Кстати, теперь, при свете лампы, я с удивлением обнаружила, что у этого мерзавца весьма обаятельная физиономия. Красавцем его назвать было нельзя, но что-то в нем было. Что-то такое, что хотелось взглянуть на него еще, и еще, и еще… В общем, он был весьма притягательной личностью, этот Виктор. Глаза у него были очень красивыми – и с таким доверчивым простодушием смотрели на тебя, что даже мысль о его причастности к творениям анонимного жанра казалась кощунственной.
– Цветок? Я же сказал, что положил! Это же не бомба, как вы изволили убедиться, милая девушка! Можете проверить каждый лепесток – взрывчатки там вы не обнаружите! К тому же я вам уже высказал свое мнение по этому поводу – если бы я и вздумал изничтожить неверную, я бы скорее просто избил ее хлюпика. Но ее вкус – это ее проблема.
– Напрасно вы так ерничаете, Виктор Петрович, – сказал Лариков, возвращая мне листок. – Дело очень серьезное. Поскольку вот это послание лежало рядом с вашим цветочком. И мы совсем не исключаем вероятности, что подложили его именно вы…
– Какой еще листок? – вскинул он на Ларикова глаза, полные недоумения. – Я положил туда только розу.

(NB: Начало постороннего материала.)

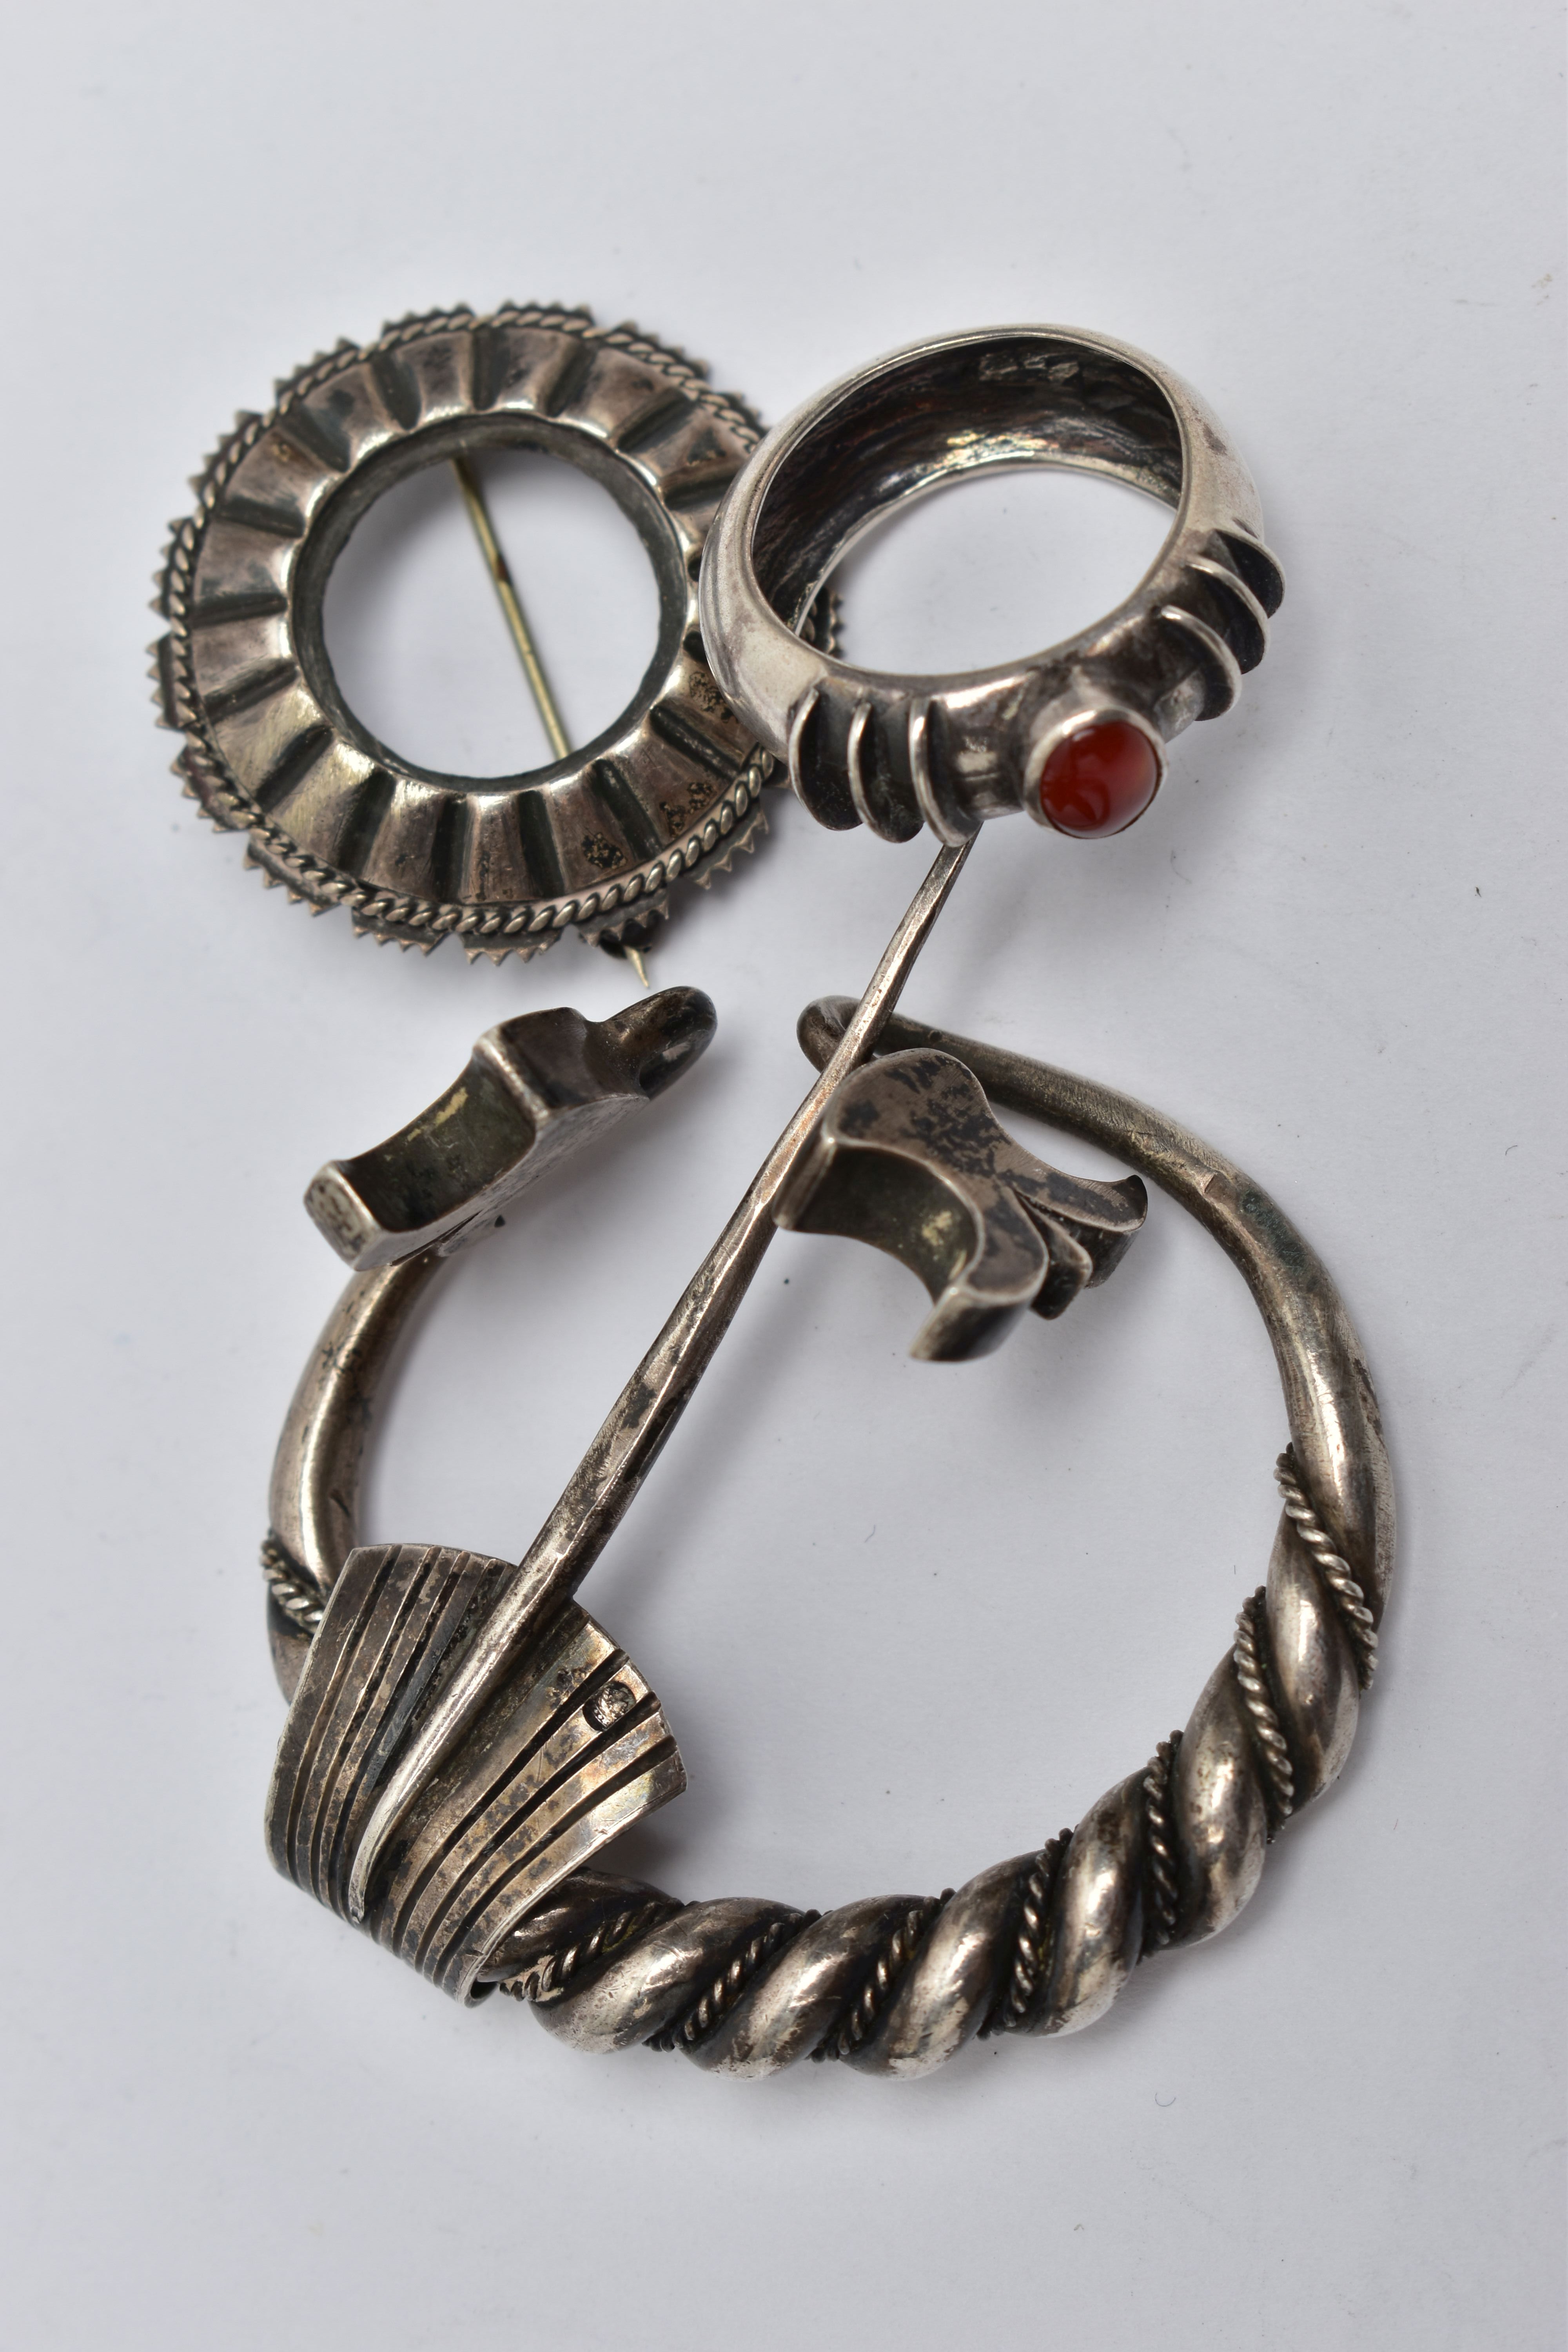 A CLOAK CLIP, BROOCH AND A RING, the white metal cloak clip of a circular form, featuring rope twist

Не спорю, это был, пожалуй, самый кретинский поступок в моей жизни, но уж письма любовные я бы ей ни за что писать не стал. У меня очень трудно с написанием фраз, видите ли. Пока я начинаю писать первую букву, мысль успевает улетучиться. Поэтому самое крутое, что я мог бы изобразить, было бы банальное «Я ТЕБЯ ЛЮБЛЮ, ТАНЯ!». Согласитесь, что такое детское послание предмет моих воздыханий вряд ли бы оценил по достоинству. Скорее всего Татьяна долго бы хохотала, а ее смех с удовольствием бы разделил с ней этот недоношенный червяк!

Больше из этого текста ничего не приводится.